During fall and winter the colony size and numbers reduce, I try to shrink the hives to minimize unused space. My understanding of the Russians is they overwinter very conservatively.

The bees will clean up the damaged frames but I try to not hit them with too many at one time or any that are totally "really ugly babies." I wouldn't try to get any cleaning done this year, store the frames and give them back during spring build up. Recommend you at least rough clean what you can off the frames before putting them in a trash bag and freezing for 24-48 hours (freezing kills the eggs/larvae, the trash bag is to prevent any transfer from the frames). Once you remove the frames let them warm to room temp to avoid condensation issues before sealing them in a trash bag for storage. 
Since you have moderate winters I'd also use the freeze and similarly store for any frames you remove from the hive due the potential of eggs in the wax and/or cracks. You can keep the frames in a box for ease of storage but you have to ensure there are no live eggs or larvae anywhere in the box and shb are notorious for laying eggs in cracks and crevices. (ideally you freeze the box too)

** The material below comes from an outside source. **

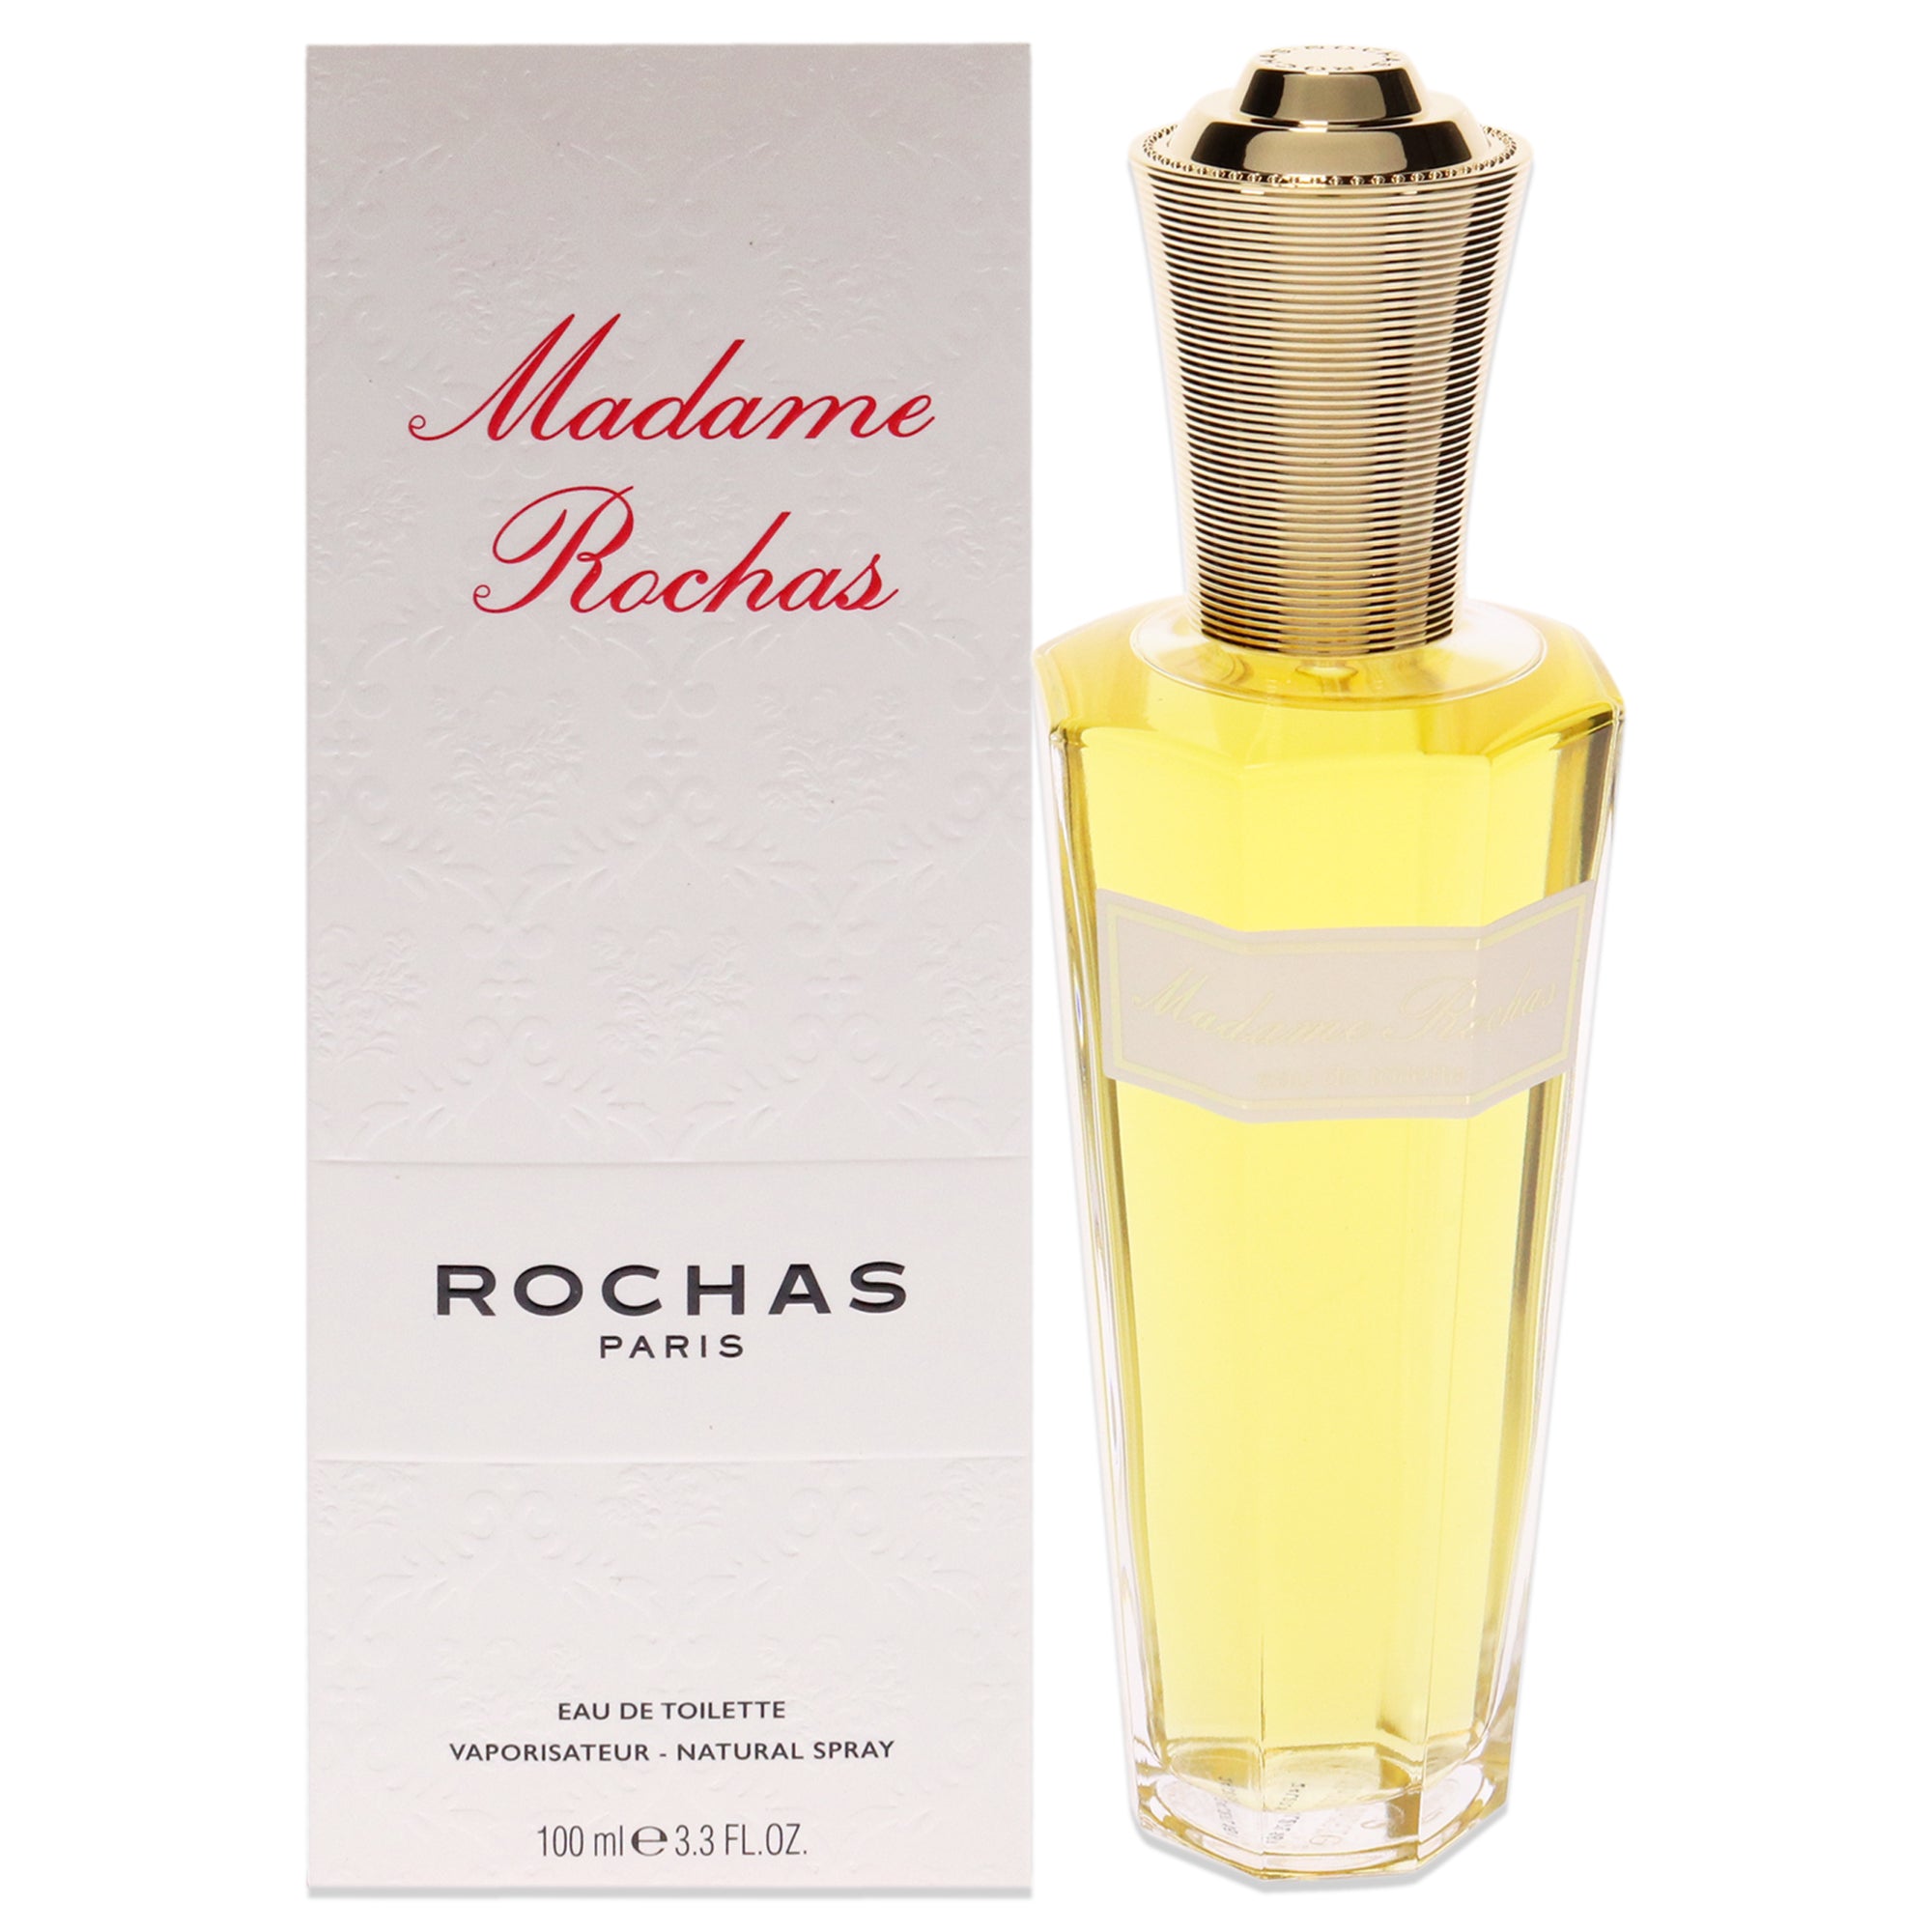 Madame Rochas by Rochas 3.3 oz Eau de Toilette Spray for Women
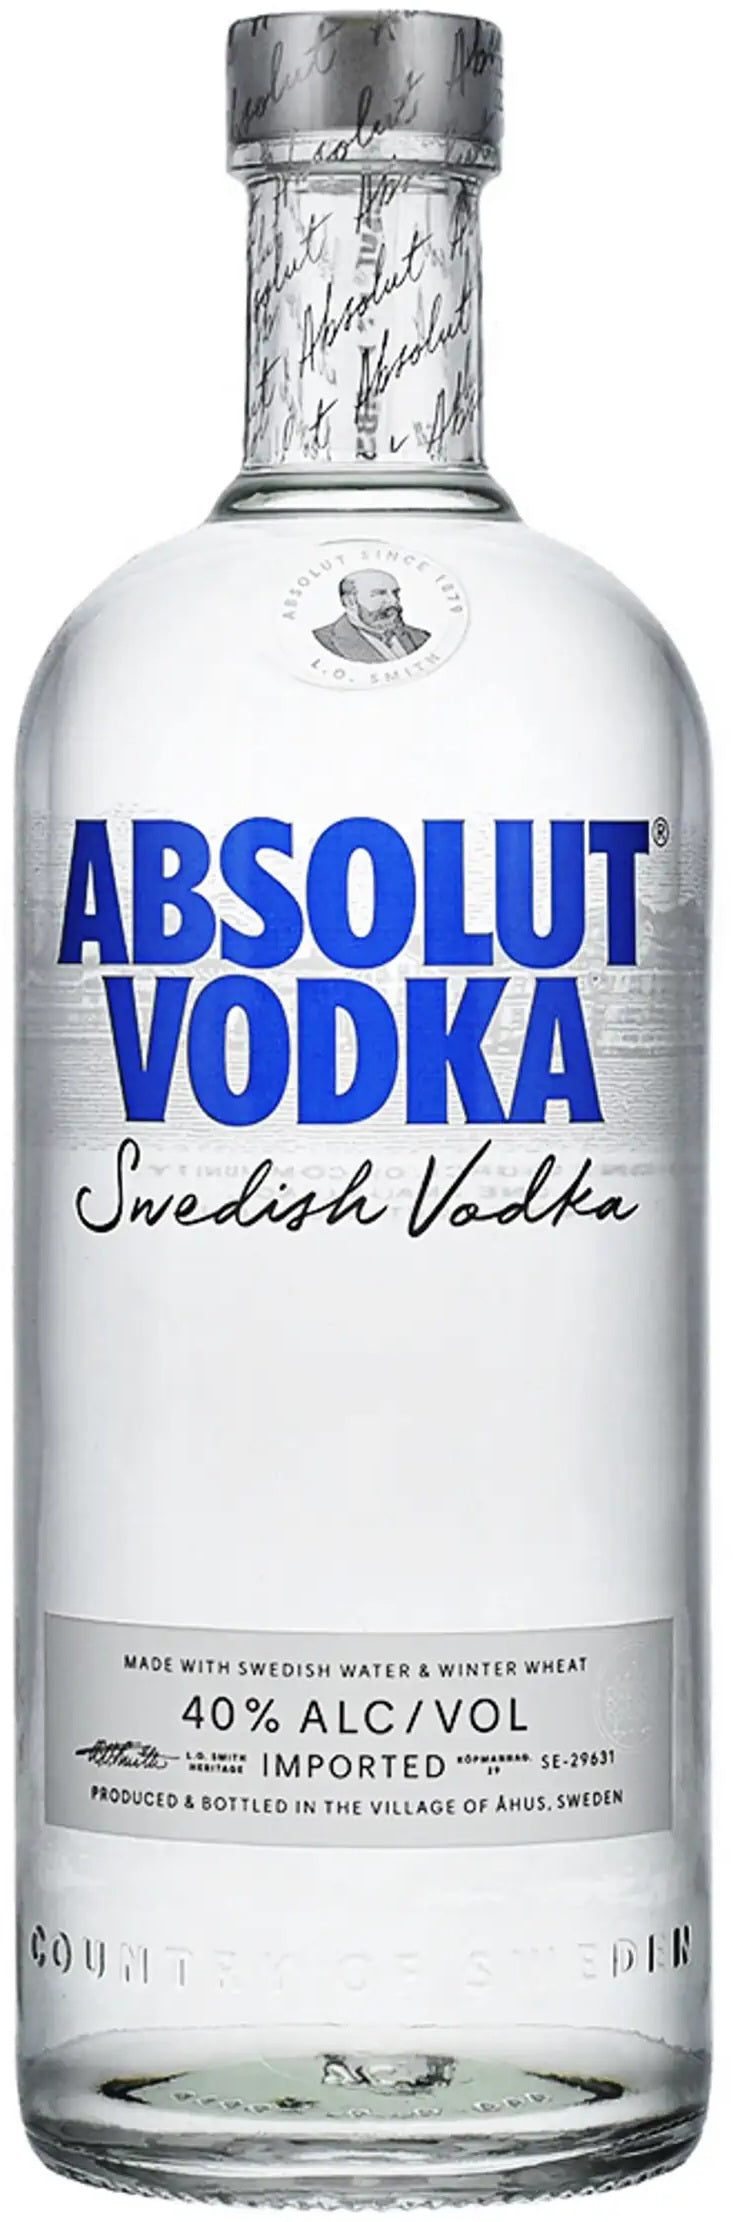 Absolut Vodka 100CL

Your local guy is a great resource to see how he overwinters.


----------



## justinf (May 28, 2017)

Ah yes, we have had a few hive beetles here and there but not even close to the problem from the moth larvae. What do you think about moving some frames of brood/honey from the active hive to the weak one? I understand that before moving brood we need to locate the queen in the weak hive.


----------



## Eikel (Mar 12, 2014)

I reread your first post, wax moths don't kill bees. What else did you find that can explain what killed the bees? Do you see any deformed wings? How did the open brood look, anything other than pearly white is a concern? Do you check for mites and/or treat?

Equalizing hives is an option but if there is something significantly wrong it could potentially be something close to a lost cause at this time of year. Not saying it is, just need to dig deeper to understand the cause of the dead bees.


----------